_Given data_
• • • •

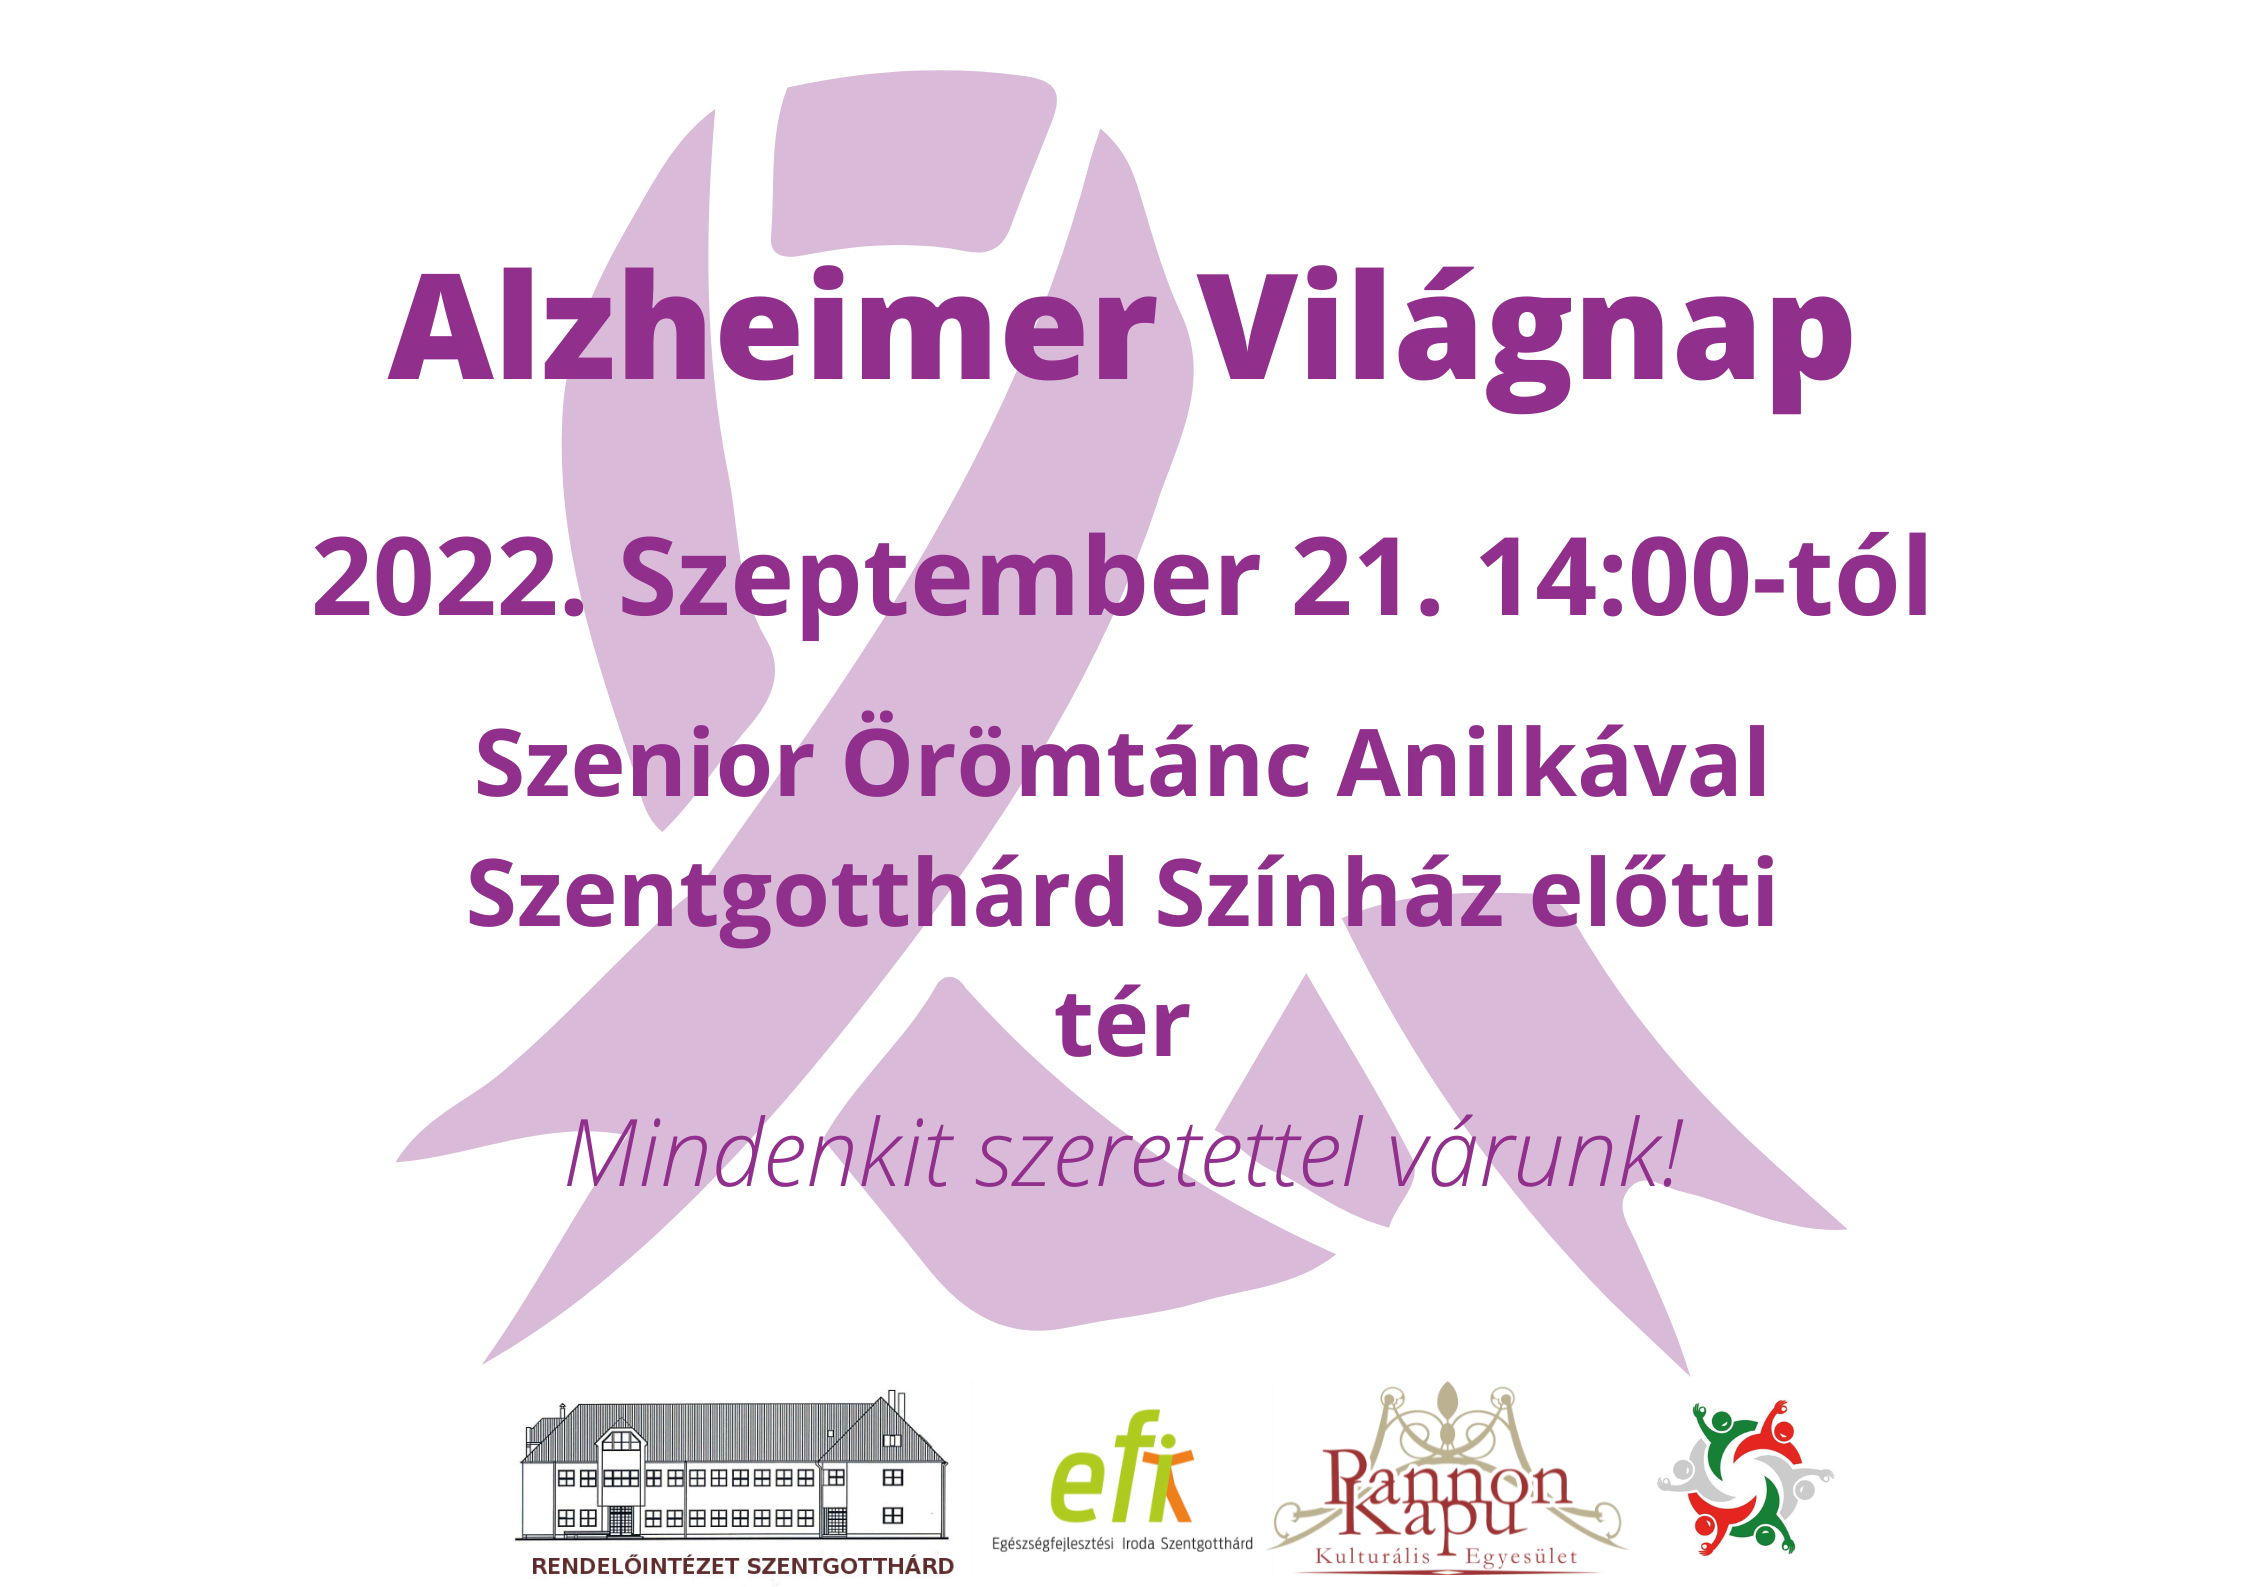 Alzheimer Világnap 2022.Szemptember 21. 14:00-tól Szenior Örömtánc Anilkával Szentgotthárd Színház előtti tér. Mindenkit szeretettel várunk!
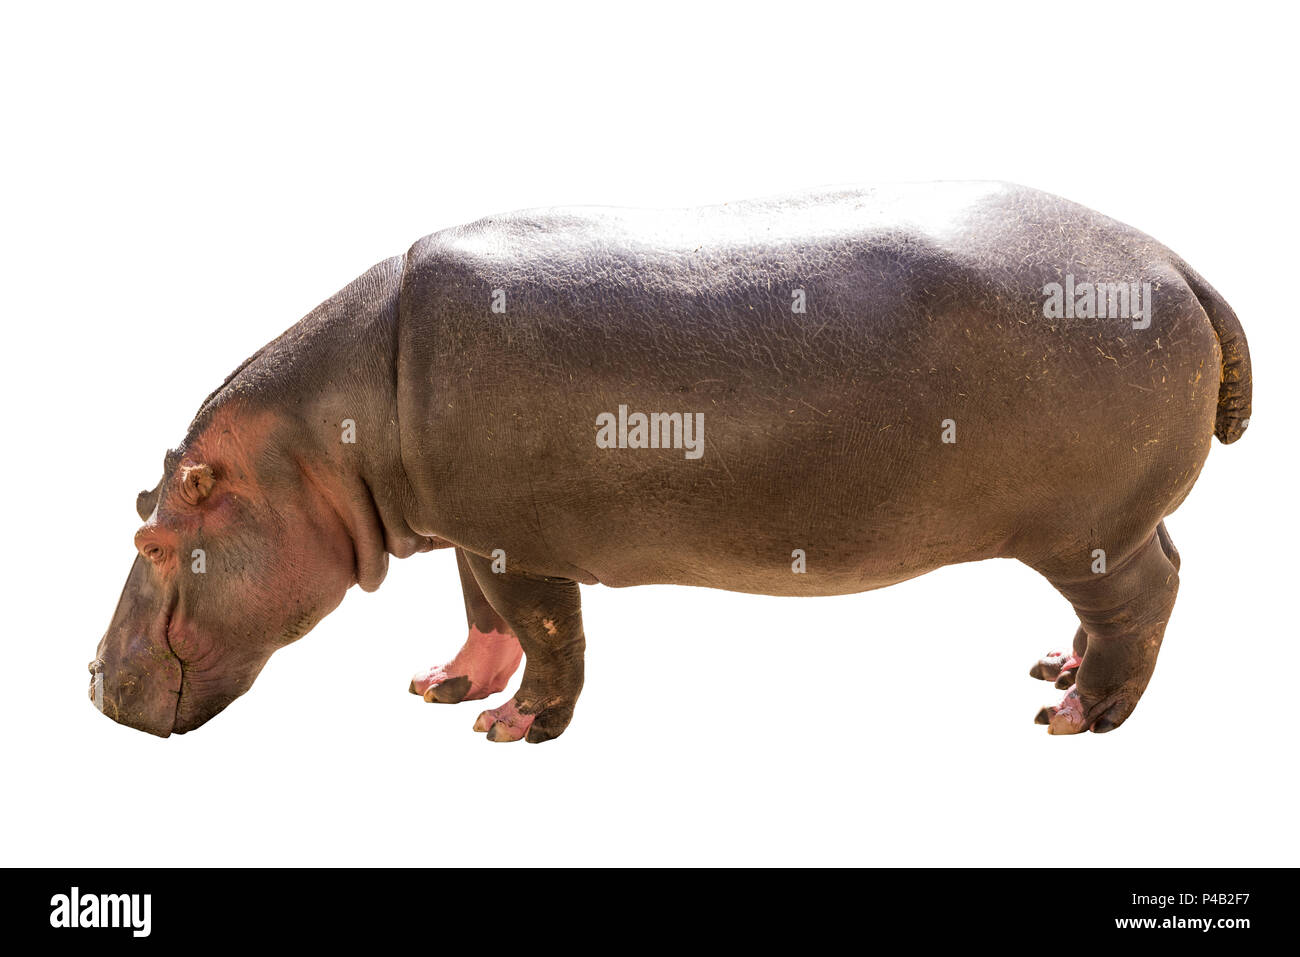 Blick auf einen Gemeinsamen hippopotamus isoliert auf weißem Hintergrund, in Südafrika, in Afrika gesehen. Nilpferde sind das drittgrößte Land Säugetier und sehr gefährlich, Stockfoto
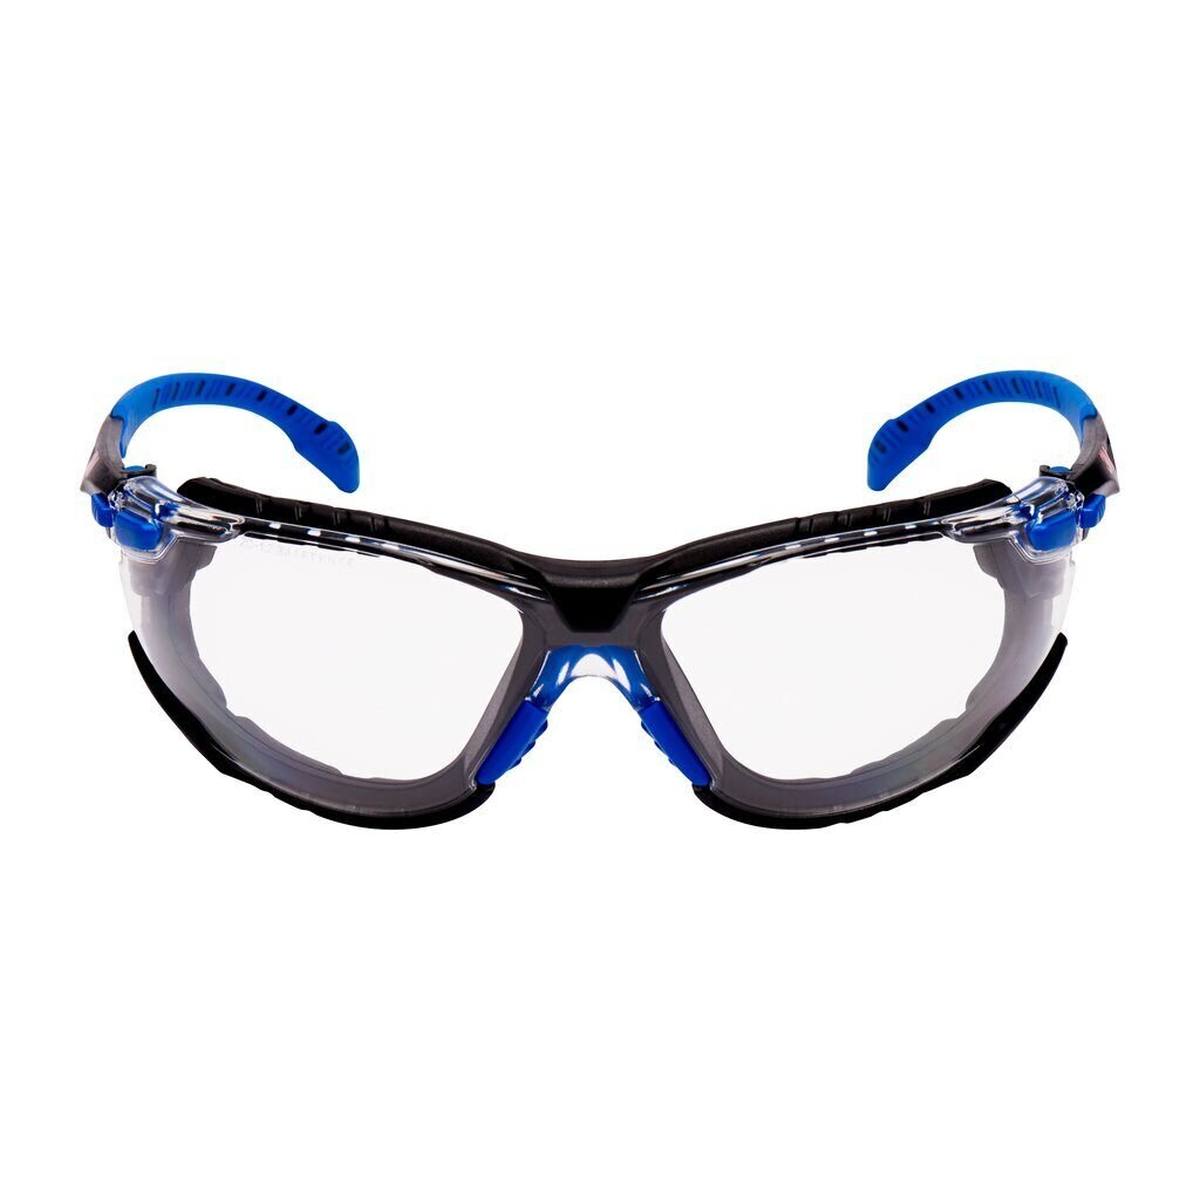 3M Solus 1000 Schutzbrille, blau/schwarze Bügel, Scotchgard Anti-Fog-/Antikratz-Beschichtung (K&N), transparente Scheibe, Schaumrahmen und Kopfband, S1101SGAFKT-EU
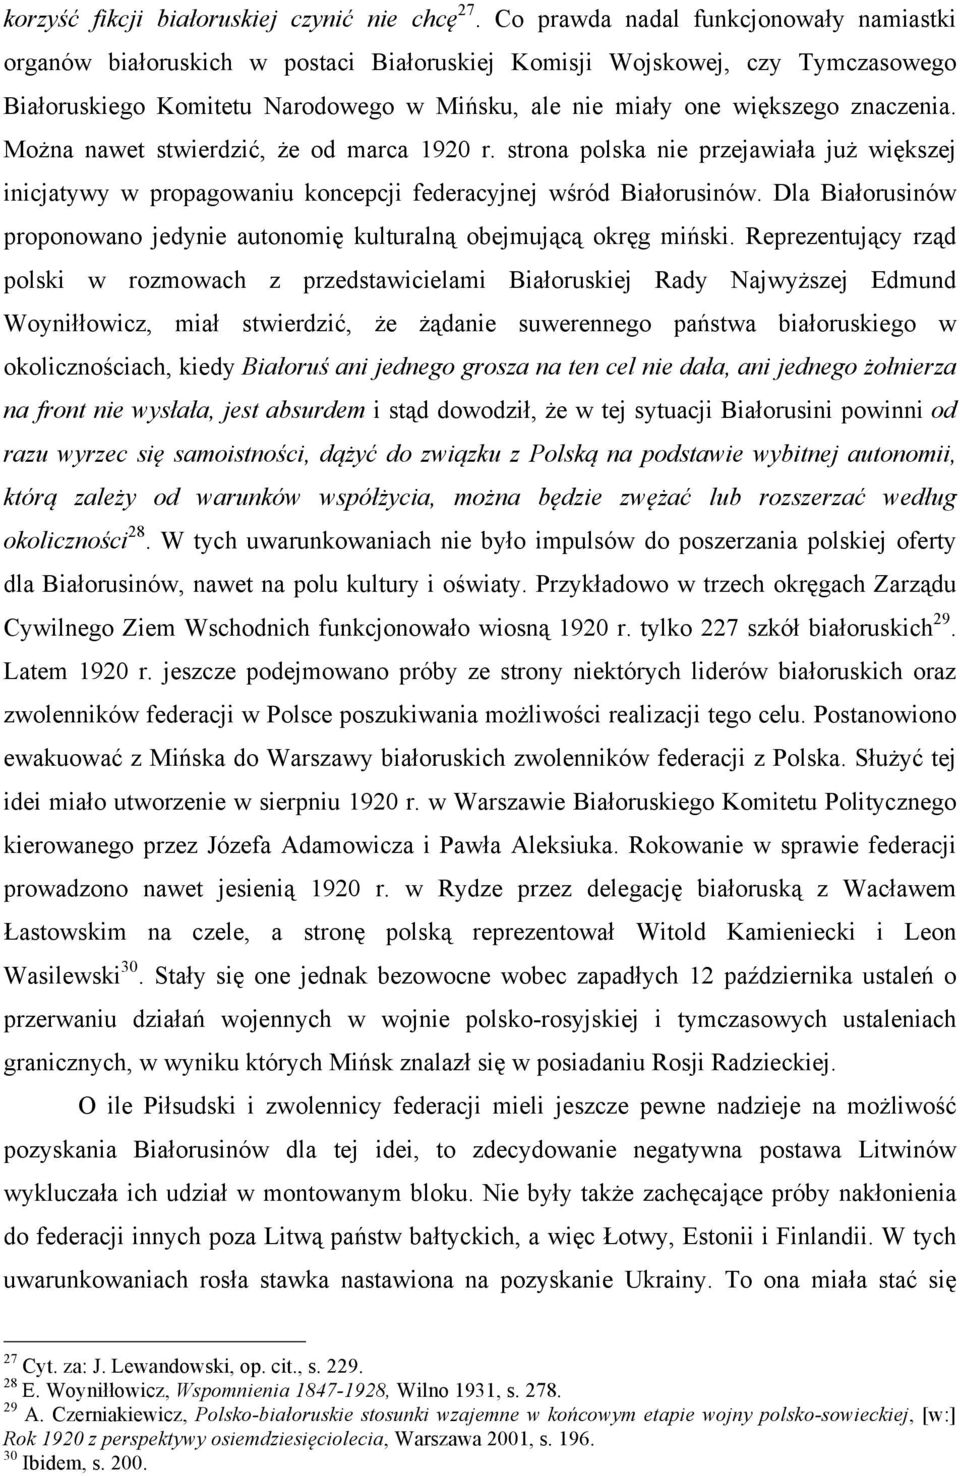 znaczenia. Można nawet stwierdzić, że od marca 1920 r. strona polska nie przejawiała już większej inicjatywy w propagowaniu koncepcji federacyjnej wśród Białorusinów.

• • • •

_Aim of the task_
Please return all of the material above exactly, minus any pictures.

_Exercise solution_
 Alzheimer Világnap 2022.Szemptember 21. 14:00-tól Szenior Örömtánc Anilkával Szentgotthárd Színház előtti tér. Mindenkit szeretettel várunk!
 Blick auf einen Gemeinsamen hippopotamus isoliert auf weißem Hintergrund, in Südafrika, in Afrika gesehen. Nilpferde sind das drittgrößte Land Säugetier und sehr gefährlich, Stockfoto
 3M Solus 1000 Schutzbrille, blau/schwarze Bügel, Scotchgard Anti-Fog-/Antikratz-Beschichtung (K&N), transparente Scheibe, Schaumrahmen und Kopfband, S1101SGAFKT-EU
 znaczenia. Można nawet stwierdzić, że od marca 1920 r. strona polska nie przejawiała już większej inicjatywy w propagowaniu koncepcji federacyjnej wśród Białorusinów.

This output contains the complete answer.